1B Lars Anderson – traded to Cleveland Indians for Steven Wright
Wow, Lars Freaking Anderson! A blast from the past! Back in 2012 the Sox dealt Anderson, who was once one of their top prospects (John Sickels had him ranked #1 in Boston’s system going into 2009), to the Indians for Wright. The knuckleballer has been up and down for Boston over the last several years, but he’s been solid for the most part, in addition to being hurt and suspended. Anderson, now 31, has only seen 56 at-bats in the bigs – all with Boston back in 2010-2012. He’s since been in the Indians, Cubs and Dodgers systems and most recently played for Sydney in the Australian Baseball League in 2017. He did not play in 2018.
RHP Jonathan Aro – traded with Wade Miley to Seattle Mariners for Roenis Elias and Carson Smith
Smith was in 18 games for Boston this year. Try 8 games in 2017 and only 3 in 2016, this after a stellar 2015 with Seattle. He has not had any impact in Boston although he earns a World Series ring this year. Do we remember Aro? He had only pitched in 6 games for Boston (10.1 IP) in 2015 before the trade that December. He followed that up with 1 game (0.2 IP) in 2016 for the Mariners and that was the last time he pitched in the majors. Aro spent all of 2017 in AAA for Seattle and all of 2018 in AAA for San Diego. He’s now 28.
LHP Jalen Beeks – traded to Tampa Bay Rays for Nathan Eovaldi
#RedSoxNation won’t care one iota if Beeks goes on in 2019 to win consecutive Cy Youngs for the Rays (after Blake Snell takes the award this year) because it would’ve all been worth it. Eovaldi is now a folk hero in Boston and all around New England following his dominant 2018 postseason. Nobody will soon forget the 97 pitch relief appearance in Game 3 of the World Series. Does anyone even remember that he was the losing pitcher in the 18th inning? It doesn’t matter. Dombrowski took a chance on a 28-year-old arm that has been through two Tommy John surgeries. And like the Pearce deal, it paid off. Eovaldi is a free agent and may not be back in Boston as he impressed on the biggest stage and many teams will be interested this offseason. On the other hand, Beeks reached the majors in 2018, getting in 2 games for Boston (1 GS) before the trade and 12 with Tampa Bay. He struggled in his first big league action posting a 5.51 ERA, 1.50 WHIP and a 7.5 K/9, down from 12.1 in the minors with Triple-A Pawtucket.
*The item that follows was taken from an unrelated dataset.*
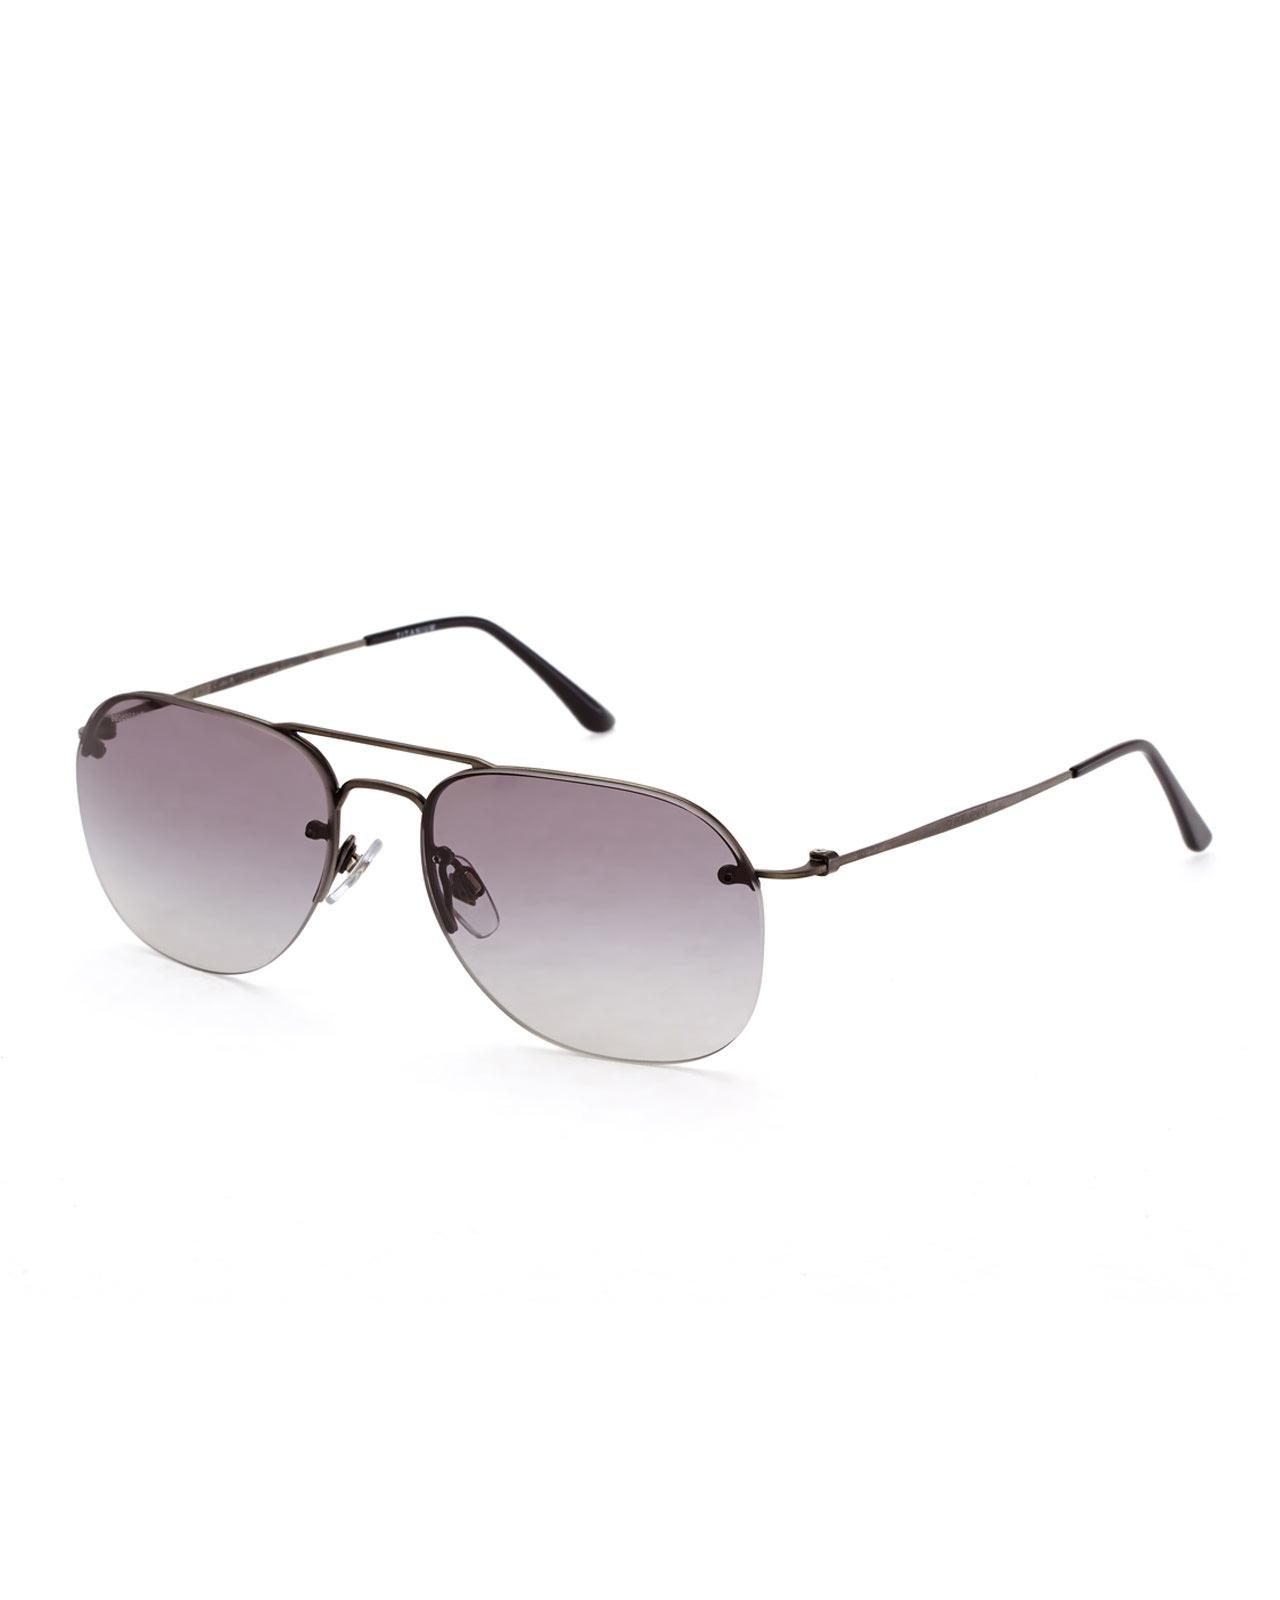 Rimless Glasses Armani : Giorgio armani Ar6004 Gunmetal Rimless Aviator Sunglasses ...

The 2018 Red Sox roster was made up of homegrown talent, stars signed through free agency, and others strategically acquired via the trade market. This theme of trading prospects for proven talent worked in the long run for Boston as another World Series trophy now sits in Fenway Park. It will be interesting to follow other teams that follow this model in hopes of cashing in on top MiLB players. In the end, prospects are really cool (especially for those of us who participate in deep dynasty fantasy baseball leagues!) but give me a World Series parade and I’ll take that ten times out of ten.